I'd rather go for a much simpler, faster and optimization-friendly approach - namely "make a lazy view with write-layer" - i.e. parsing would happen on-demand (by fragments, not that the first trigger will parse everything) and if there won't be any writes, then it'll stay like that. See https://github.com/zserge/jsmn and https://github.com/google/gumbo-parser for this approach.

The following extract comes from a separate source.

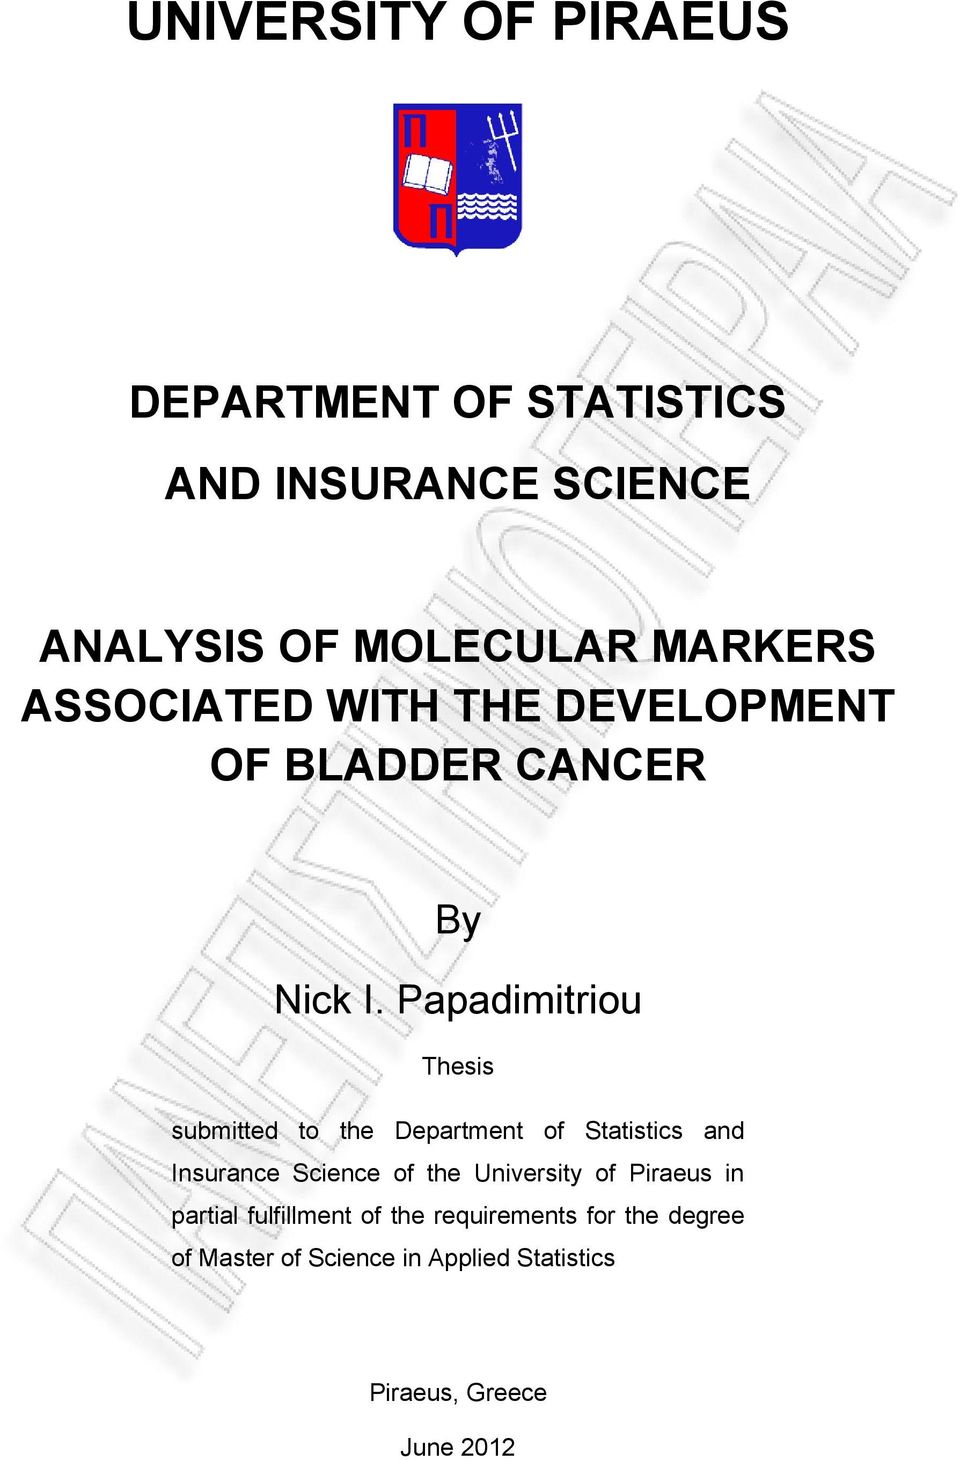 Papadimitriou Thesis submitted to the Department of Statistics and Insurance Science of the

Note, that this approach allows extremely easy caching (in the spirit of the answers in https://stackoverflow.com/questions/815110/is-there-a-decorator-to-simply-cache-function-return-values ) of already withdrawn values to avoid re-parsing of the fragment over and over.

If any change to a certain chunk of data (imagine a string field in JSON) in the middle of the input JSON should occur (for document-oriented DBs and data-designs this is the most common operation), then there is a direct approach with 3 options:

  1. the number of bytes is the same as chunk size and they'll be just replaced (no realloc() needed)
  2. the number of bytes is less than chunk size

    1. either the format allows padding (or adding a meaningless comment) in which case this would become the case (1); note, that such padding/comment shall be removed in the future when serializing the data before sending them away

    2. there is no padding support and realloc with a subsequent move of the whole rest of the data will be needed (some block-layer being e.g. a double-linked list could alleviate this, but that makes sense first for gigabytes of data in memory as memove() is unbelievably fast)

  3. the number of bytes is more than chunk size - see (2.ii) above

(If any inserts (either in the middle of the buffer or at the end) shall occur, then realloc() is needed.)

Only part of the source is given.